Long-Duration ETFs Diverge: SPLB’s Higher Income vs. SCHQ’s Cheaper Treasury Hedge
The decision centers on income from investment‑grade corporates versus capital preservation through long‑term Treasuries.
Overview
- SPLB led on recent performance and payouts, posting a 6.47% 1‑year total return and a 5.2% dividend yield versus SCHQ’s 4.17% return and 4.6% yield as of Jan. 30, 2026.
- SCHQ remains marginally cheaper to hold with a 0.03% expense ratio compared with SPLB’s 0.04%.

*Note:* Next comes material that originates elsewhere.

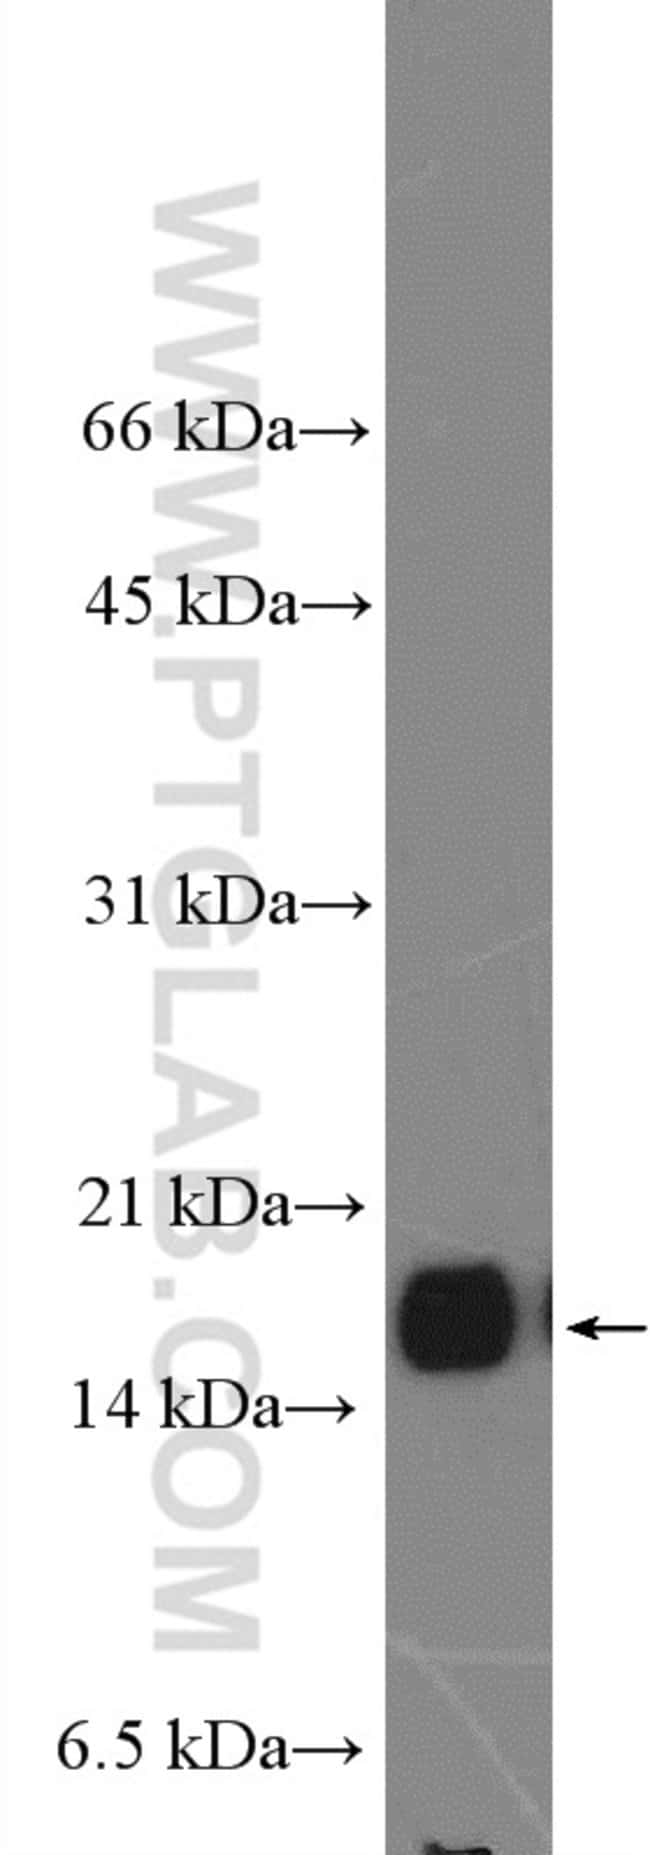 VAMP3/Cellubrevin Rabbit anti-Human, Mouse, Rat, Polyclonal, Proteintech 150 μL; Unconjugated Produkte

- Portfolio construction differs sharply: SCHQ tracks long‑term U.S. Treasuries across about 98 holdings, emphasizing high credit quality and potential equity‑volatility hedging.
- SPLB spans nearly 3,000 long‑term, investment‑grade corporate bonds, increasing credit exposure while diversifying issuer risk; top exposures include Anheuser‑Busch InBev, Meta Platforms, and CVS Health.
- Risk profiles vary, with betas of 0.52 for SCHQ and 0.66 for SPLB, and five‑year metrics showing max drawdowns of roughly 46.1% for SCHQ and 34.4% for SPLB and growth of $1,000 at $599 and $706, respectively.